The west side of Manhattan is an idyllic utopia along the river, where an interconnected series of parks and paths give New Yorkers the ability to travel on foot or by bike from the Battery up to Washington Heights, without mingling with motor vehicles. Much of the route along the Hudson River is green and well-maintained, which makes the contrast with the shabby East Side all the more striking. And so over the weekend Transportation Alternatives held a bike ride press opp along the East River to highlight his side's glaring inadequacy.

Parks Department's assistant commissioner Joshua Laird joined the ride, and told the Daily News, "There is really no space.
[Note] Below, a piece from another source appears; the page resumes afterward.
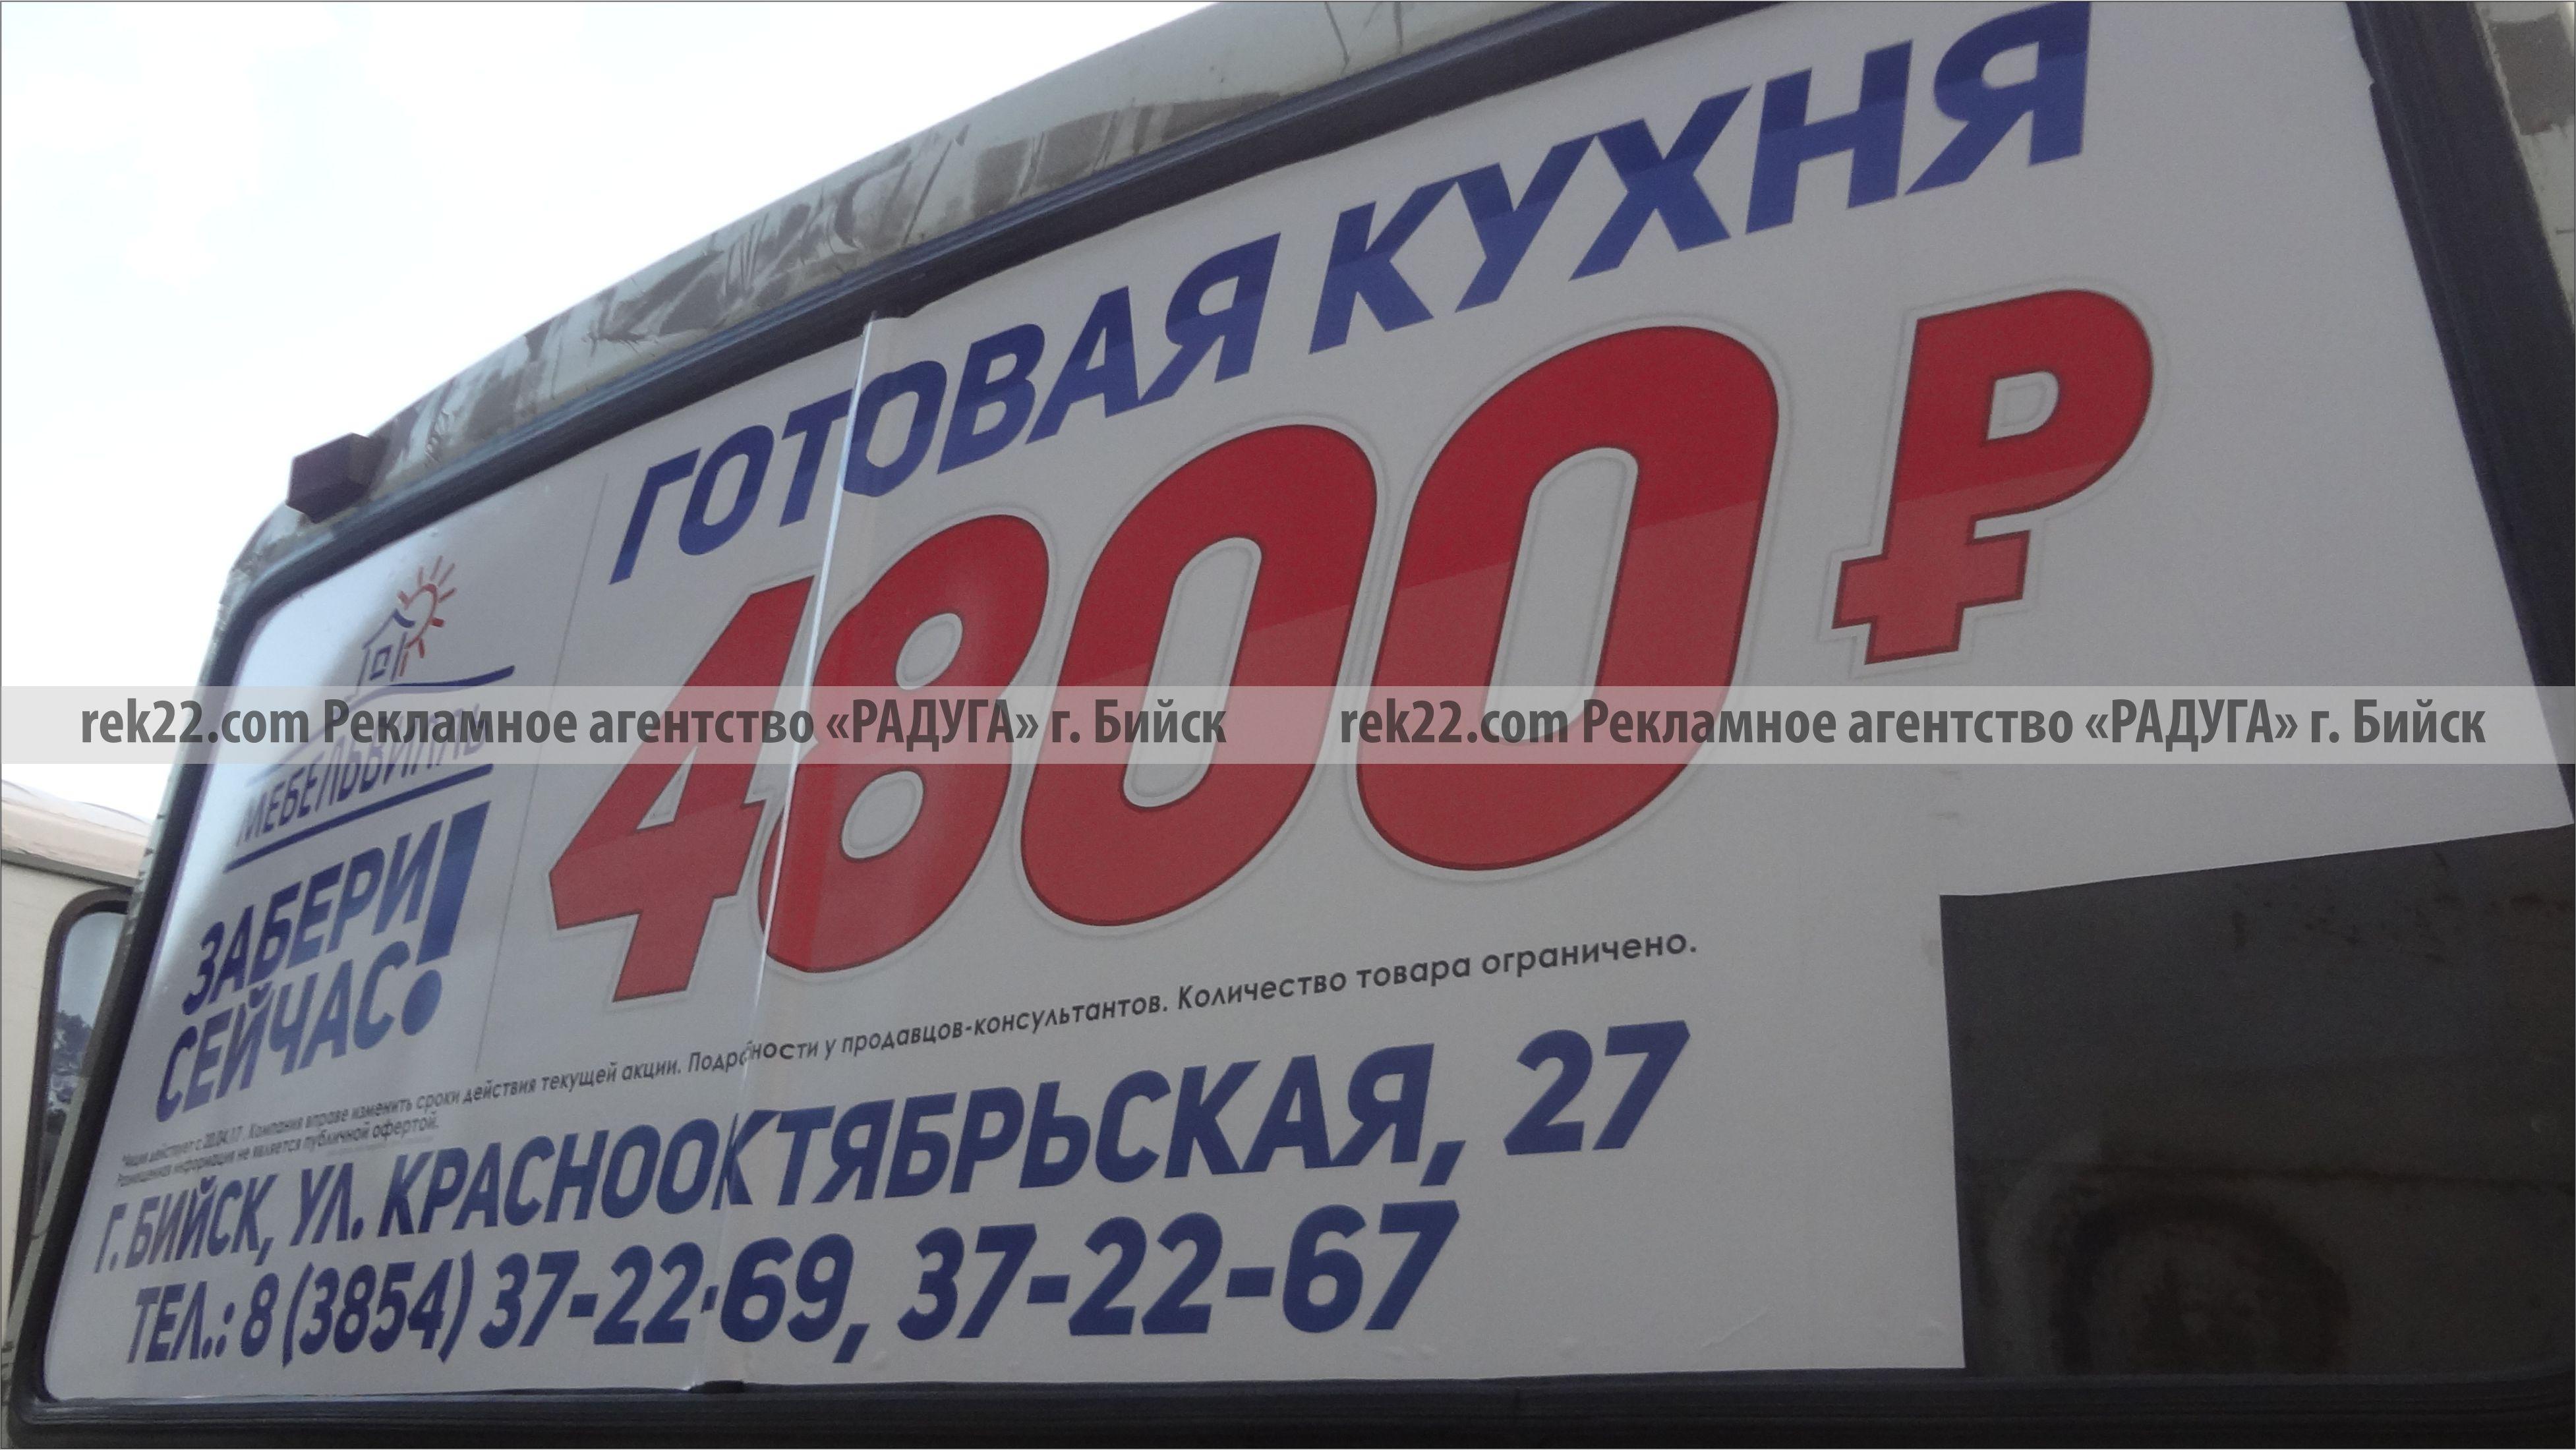 Реклама на транспорте Бийск - бортах, задних стеклах - 5.1

That's the issue of the upper East Side." Standing in the way of a contiguous bike/pedestrian path along the East River are such formidable obstacles as the UN, the FDR Drive, Bellevue, and the Con Edison plant on East 14th Street. That last structure is notorious for causing a ludicrously narrow "choke point," where the path is reduced to a thin, four feet wide sliver of concrete between the FDR and one wall of the plant. One local jogger at the choke point tells the News, "It's terrible. Can't they narrow the highway?"

Ha. Council member Daniel Garodnick is hoping the city can at least work out some deal to persuade the UN to give up two buildings on East 45th to facilitate a contiguous pathway along the water. But who knows if or when that will ever happen. In the meantime, East Siders can just keep choking on their envy.